11. The Defendant submits that the same reasoning applies in this case and invites the court to adopt a similar approach by striking out the claim for the Claimant’s failure to comply with CPR 16.4.

Statement of truth

I believe that the facts stated in this Defence are true. I understand that proceedings for contempt of court may be brought against anyone who makes, or causes to be made, a false statement in a document verified by a statement of truth without an honest belief in its truth.

Signed:


Date:

Draft Order for the defence
Never argue with stupid people. They will drag you down to their level and then beat you with experience” - Mark Twain

Thanks b789 - I've done the AoS and am now working on the defence letter.

Apologies but I didn't share with the forum the photographs that BW Legal subsequently provided.  They sent me a bundle of thirteen photographs, showing the vehicle in situ between 09:44:55 and 09:45:41, an additional photograph at 09:46:26 showing the vehicle with the PCN affixed to the windscreen, and a final photograph (below) showing the signage in situ.
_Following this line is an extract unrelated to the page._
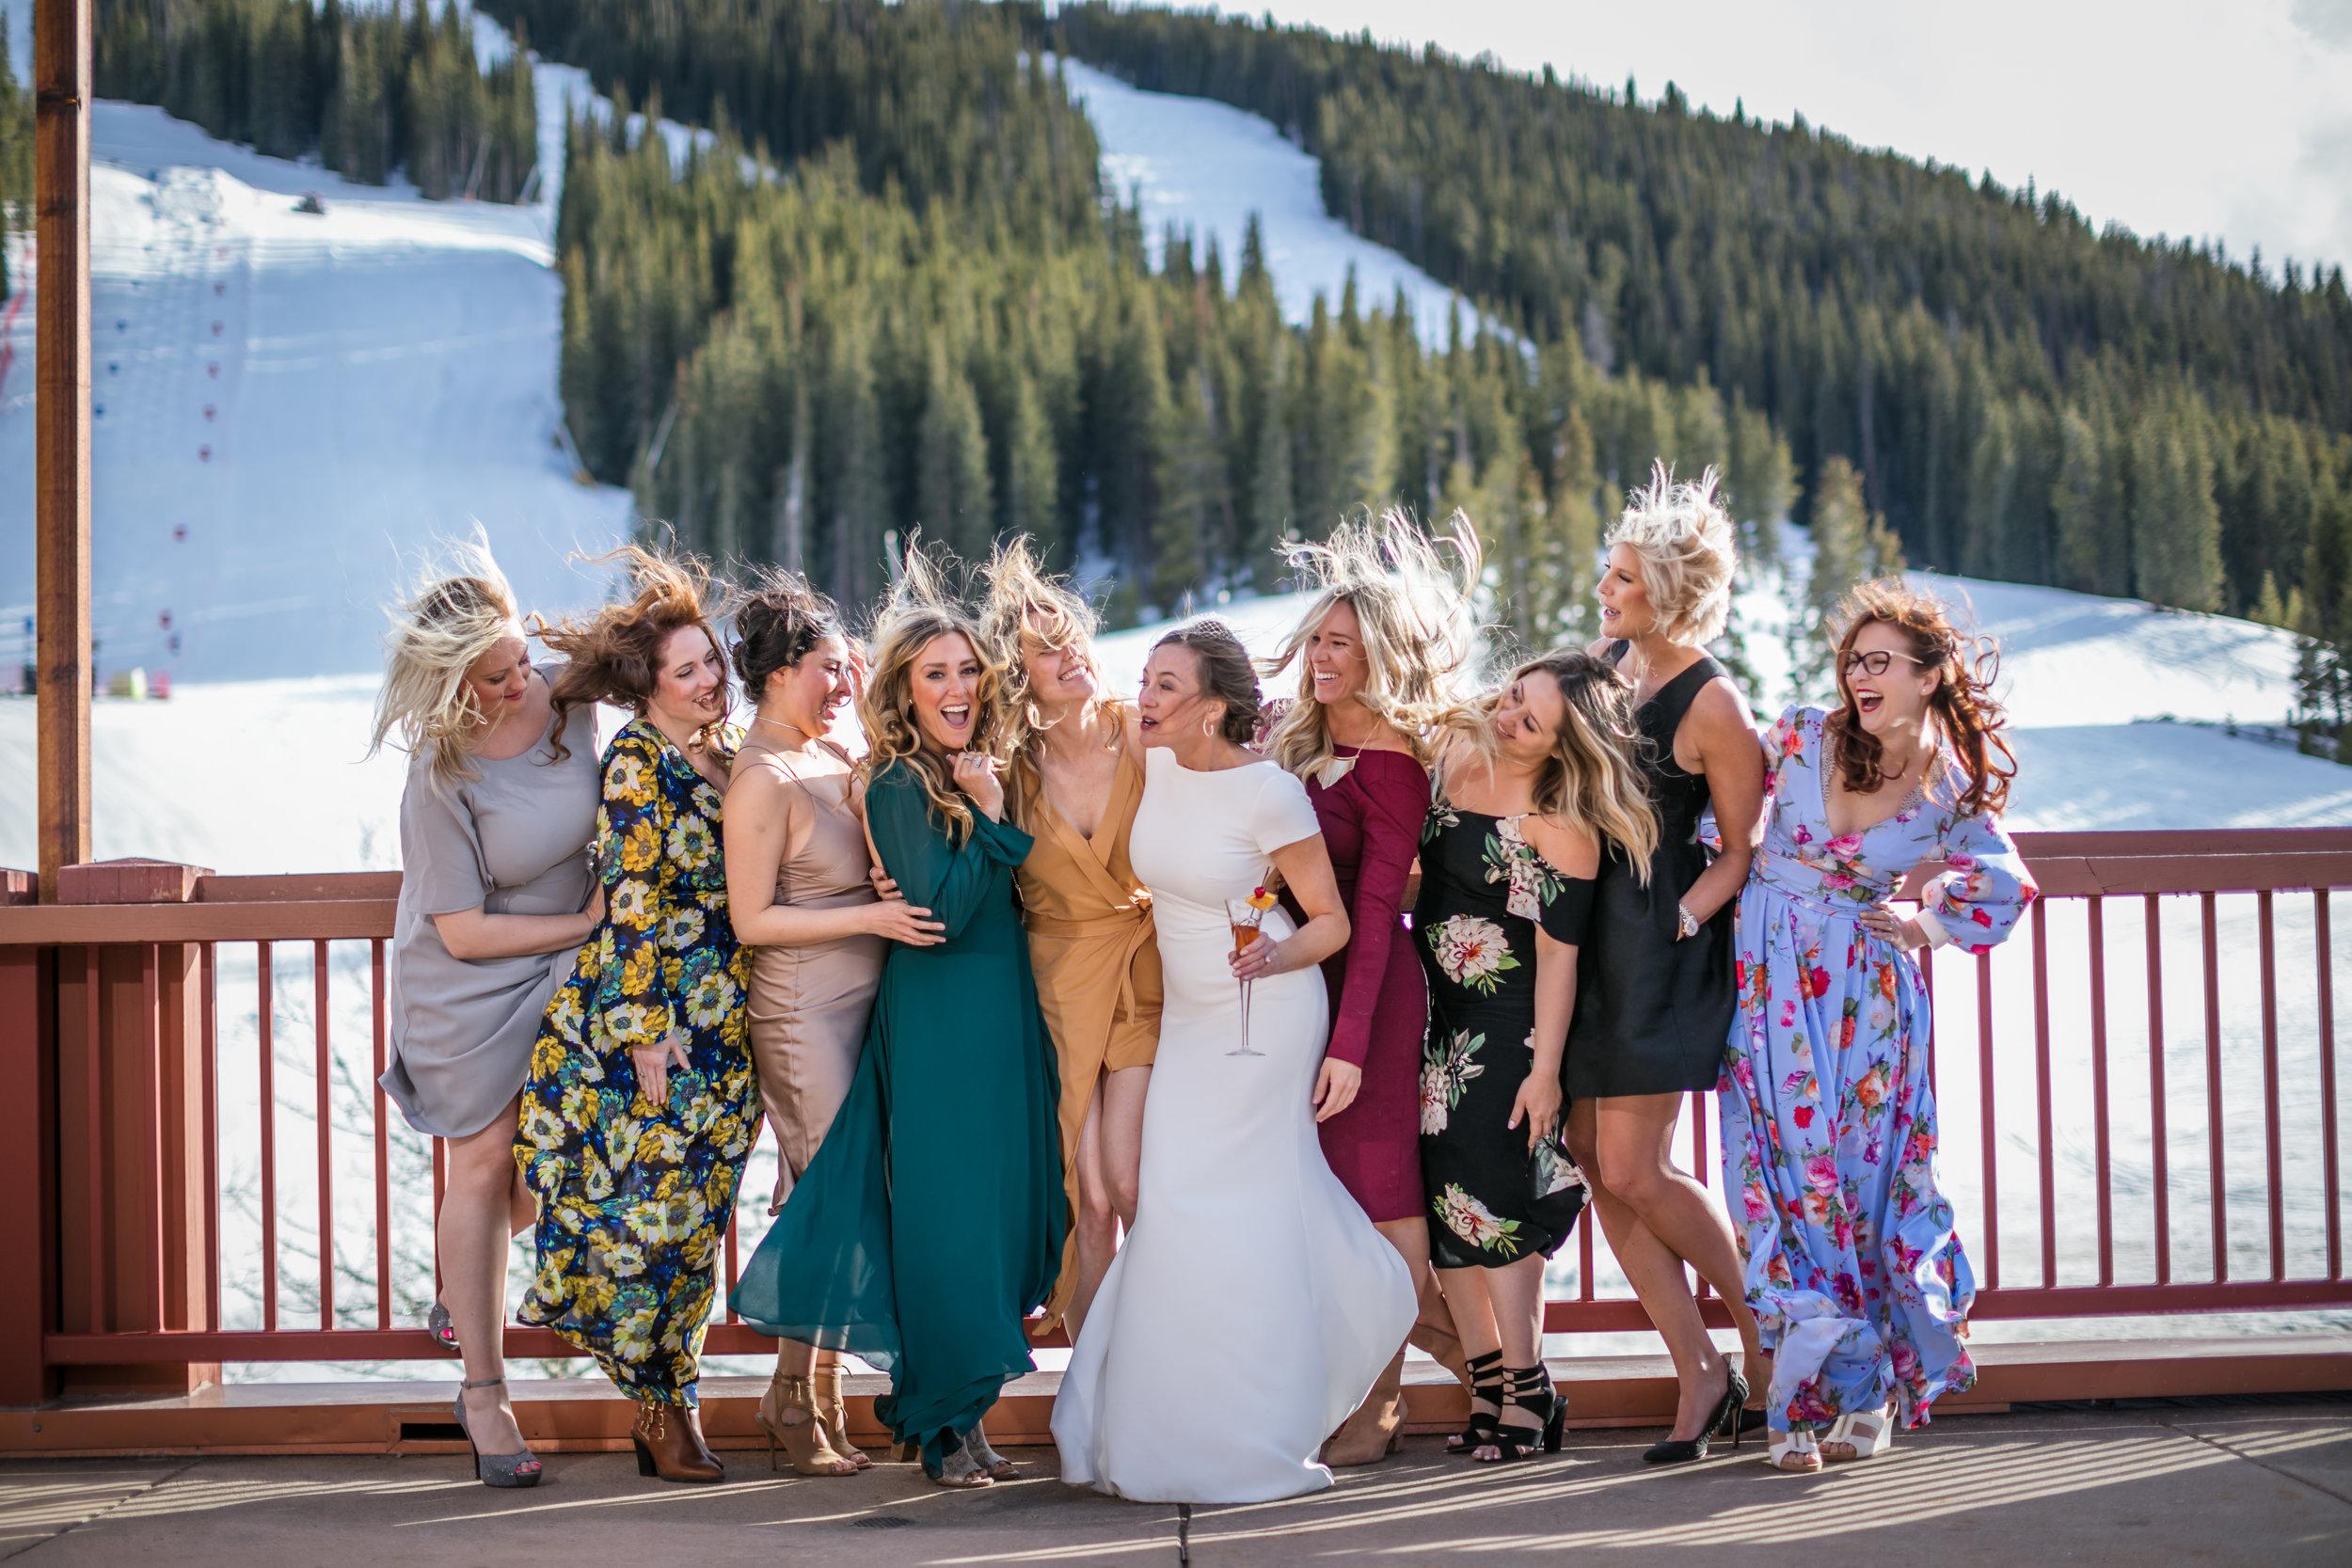 vild-photography-photographer-colorado-intimate-wedding-adventure-Stephanie- Adam-518.jpg

Should I just remove paragraph 8b from the letter, renumber the remainder of paragraph 8, and then submit the remainder of the letter and draft order as provided?

Thanks!

Yes. Remove 8(b) and reorder the other sub-paras.

The time stamped photos do not evidence a "period of parking" because it has to be mentioned in the NtD and the NtK. Also, evidence of the vehicle parked for only 2 minutes does not show that the driver could have simply been "considering" the contractual signs before deciding not to accept and drive away. There is a minimum consideration period that has to be allowed before the driver can be contractually liable.
Never argue with stupid people. They will drag you down to their level and then beat you with experience” - Mark Twain

Much appreciated - all sent!

A brief letter received from HMCTS this morning:

"I acknowledge receipt of your defence.  A copy is being served on the claimant (or the claimant's solicitor).  The claimant may contact you direct to attempt to resolve any dispute.  If the dispute cannot be resolved informally, the claimant will inform the court that he wishes to proceed.  The court will then inform you of what will happen.
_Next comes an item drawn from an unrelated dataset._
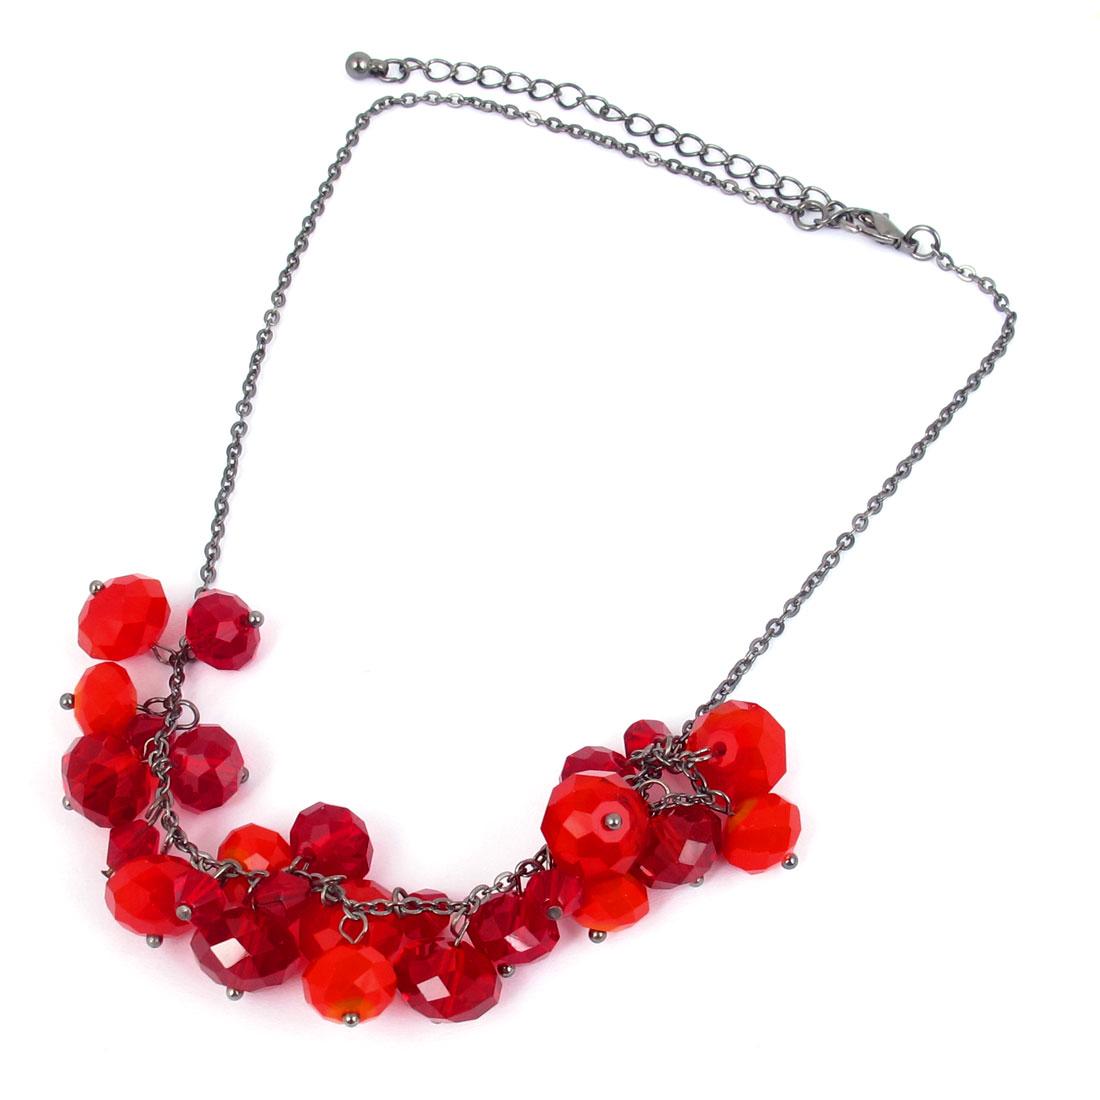 Ladies Red Plastic Beads Decor Black Metal Lobster Buckle Slim Chain Necklace w Fish Hook Earrings

"Where he wishes to proceed, the claimant must contact the court within 28 days after receiving a copy of your defence.  After that period has elapsed, the claim will be stayed.  The only action the claimant can then take will be to apply to a judge for an order lifting the stay."


I assume that this is just an automatically-generated letter, following my previous submission?  Based on the submission made and the points raised (disregarding the other issues with the ability of NTC to actually bring a valid claim), is it likely that NTC's/BW Legal's next course of action would be to discontinue the claim and start again, addressing the procedural points raised?